Provides an implementation in C and x86_64 assembly of radix sort for arrays of uint64. The radix sort algorithm implemented here uses a fixed radix of 256.
Some benchmarking shows the asm implementation to be substantially faster than the C implementation which is surprising to me. It also shows the C implementation to be about as quick as quicksort from the C standard library which also surprised me. Radix sort should be faster than the STL quicksort for large arrays of random numbers as it has several advantages:
- It should be roughly linear complexity
- It does not make an additional call to a comparison function (unlike C STL quicksort)

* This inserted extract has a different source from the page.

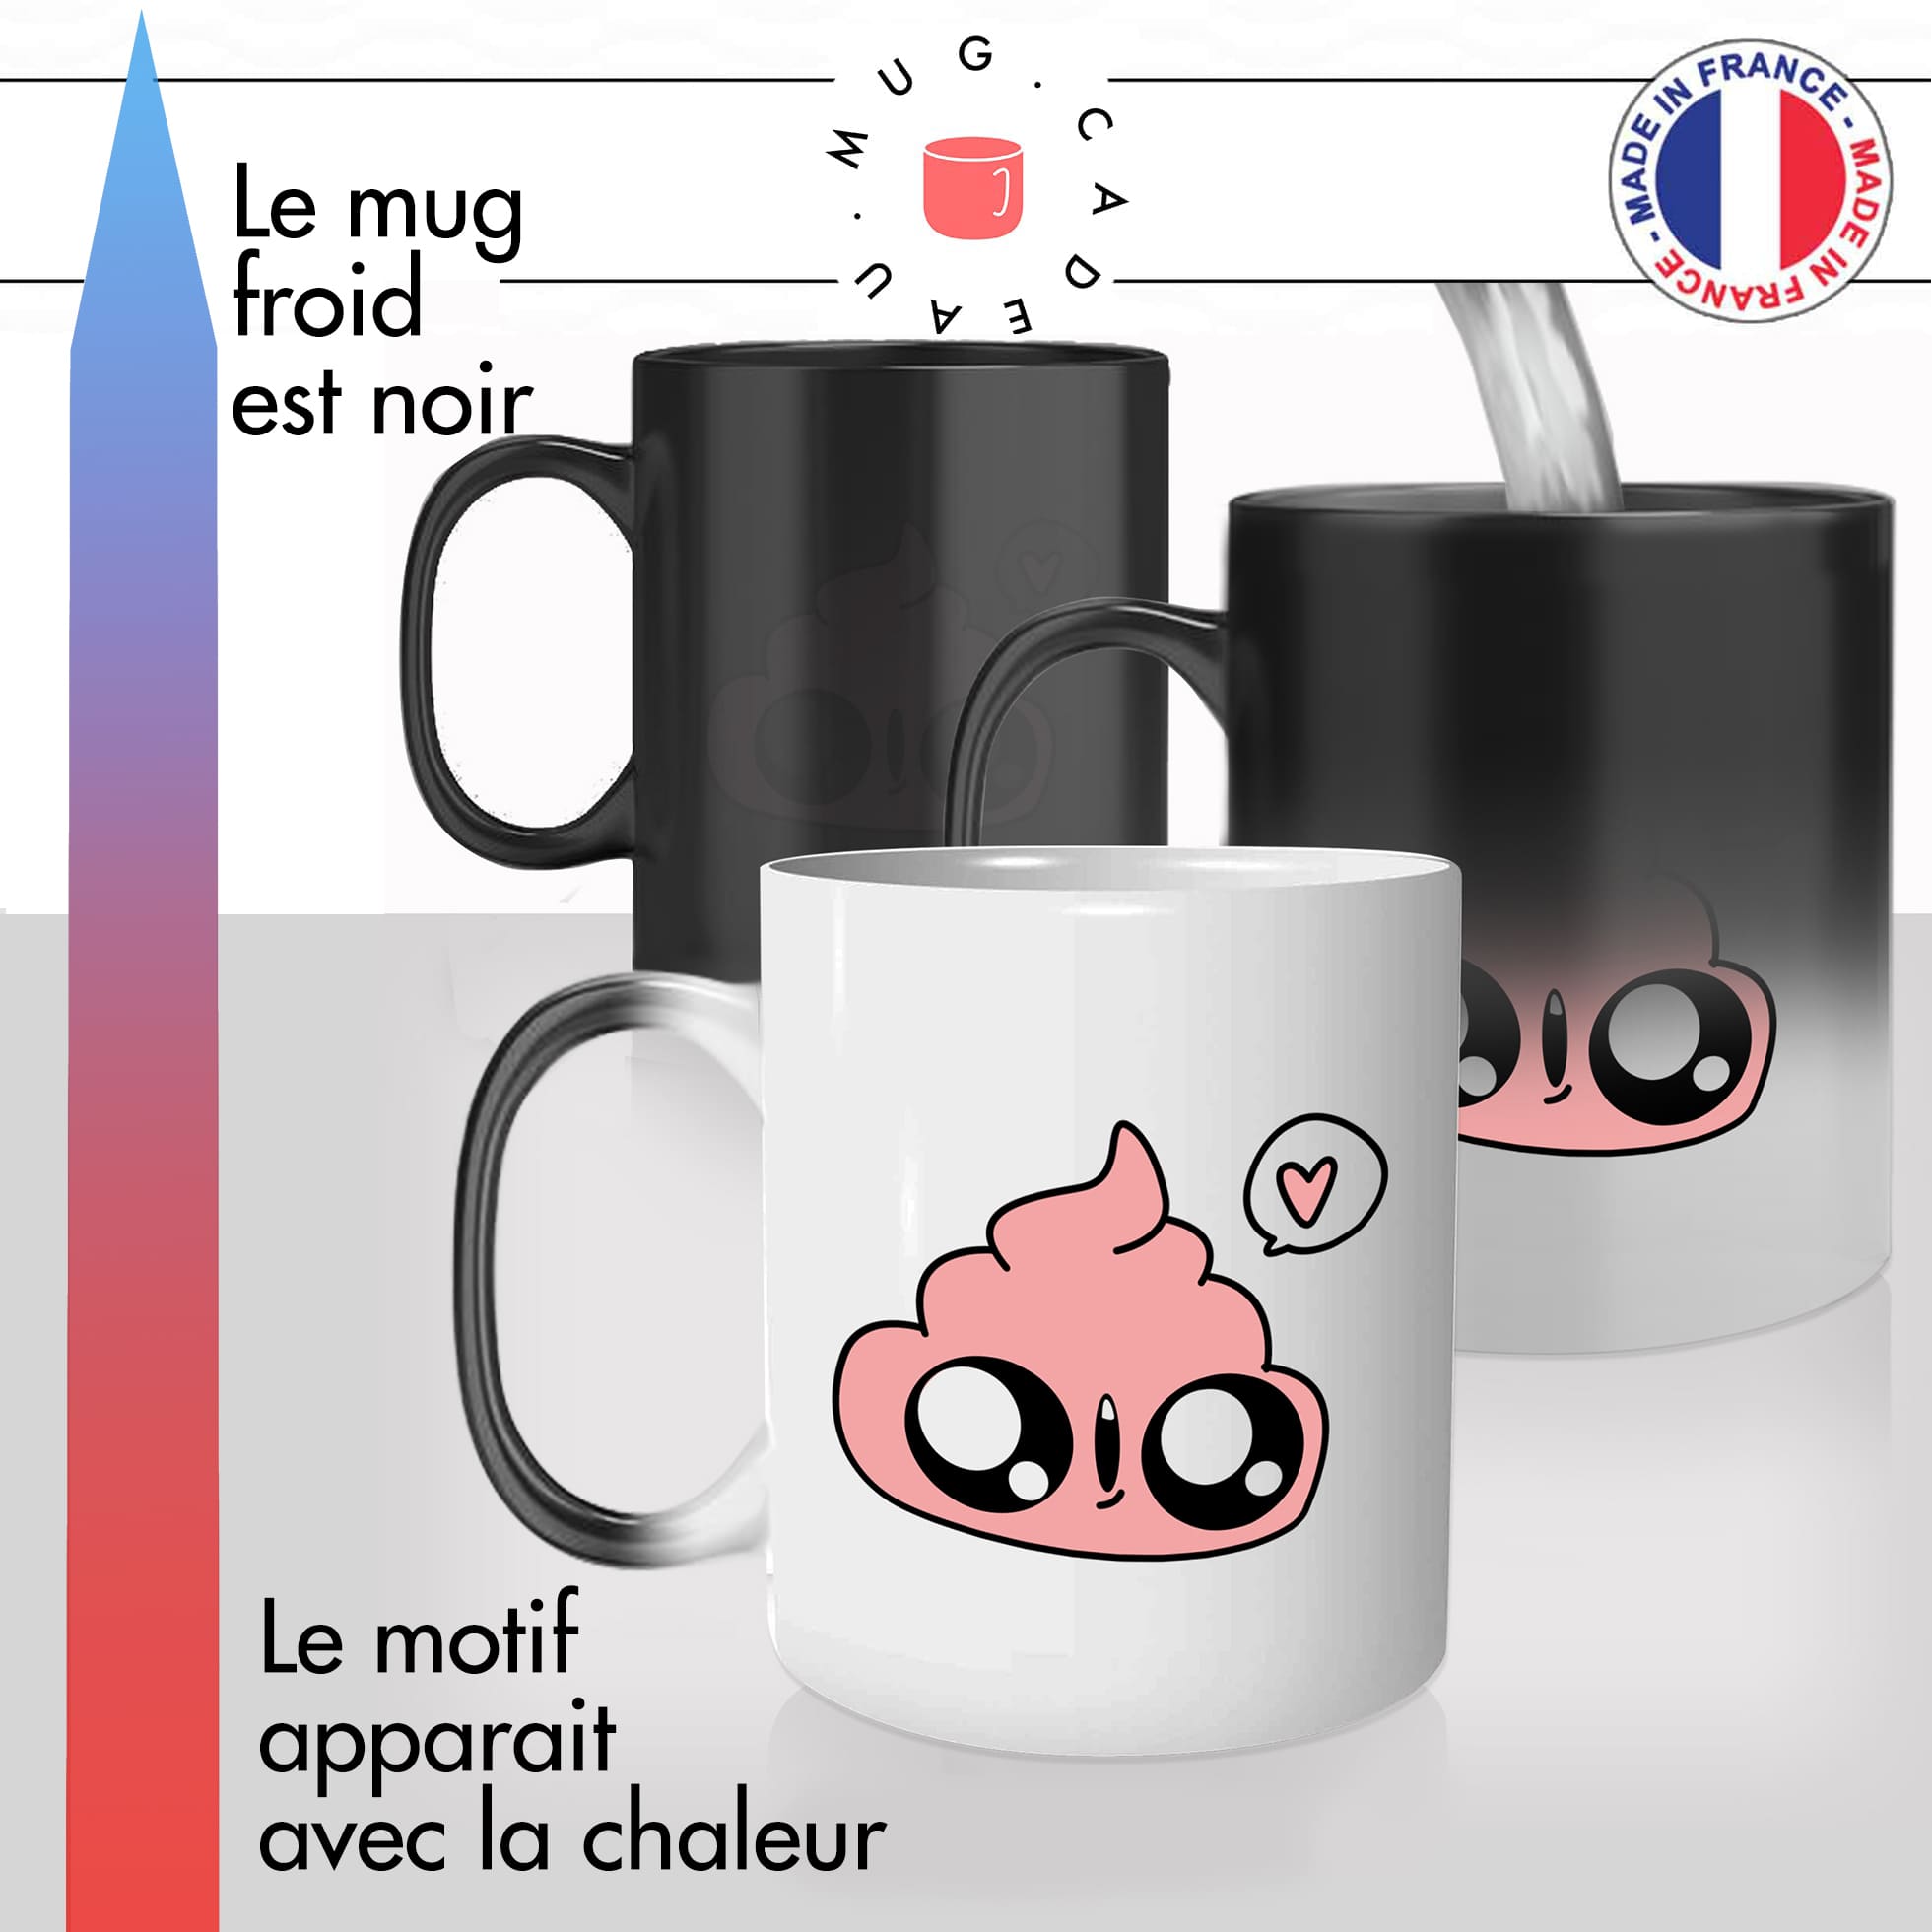 mug magique thermoréactif thermo chauffant personnalisé crotte rose emoji caca mignon drole idée cadeau fun original

Results (no optimization flags passed):
$ ./sort_bench $((2**20)) 10
1048576 elements in the array
C Radix | Quicksort | ASM Radix |
127 ms | 115 ms | 44 ms |
131 ms | 116 ms | 50 ms |
126 ms | 115 ms | 44 ms |
127 ms | 115 ms | 40 ms |
125 ms | 115 ms | 45 ms |
126 ms | 115 ms | 46 ms |
128 ms | 115 ms | 45 ms |
130 ms | 121 ms | 42 ms |
127 ms | 116 ms | 45 ms |
127 ms | 115 ms | 45 ms |
At O2/3 optimization the playing field between the C and ASM implementations is leveled (unclear which one has an edge).
O2:
$ ./sort_bench $((2**20)) 10
1048576 elements in the array
C Radix | Quicksort | ASM Radix |
51 ms | 101 ms | 48 ms |
50 ms | 101 ms | 49 ms |
51 ms | 101 ms | 43 ms |
50 ms | 101 ms | 48 ms |
49 ms | 101 ms | 48 ms |
49 ms | 101 ms | 47 ms |
51 ms | 102 ms | 49 ms |
46 ms | 101 ms | 49 ms |
50 ms | 101 ms | 47 ms |
51 ms | 101 ms | 48 ms |
O3:
$ ./sort_bench $((2**20)) 10
1048576 elements in the array
C Radix | Quicksort | ASM Radix |
49 ms | 98 ms | 42 ms |
43 ms | 100 ms | 44 ms |
50 ms | 101 ms | 45 ms |
52 ms | 101 ms | 48 ms |
50 ms | 101 ms | 46 ms |
52 ms | 101 ms | 48 ms |
51 ms | 101 ms | 47 ms |
50 ms | 101 ms | 45 ms |
50 ms | 101 ms | 44 ms |
50 ms | 101 ms | 46 ms |
It's also interesting to me how much better my implementation of C radix sort got with more optimization levels while quicksort had more modest improvements. I havent looked at the resulting assembly to understand why.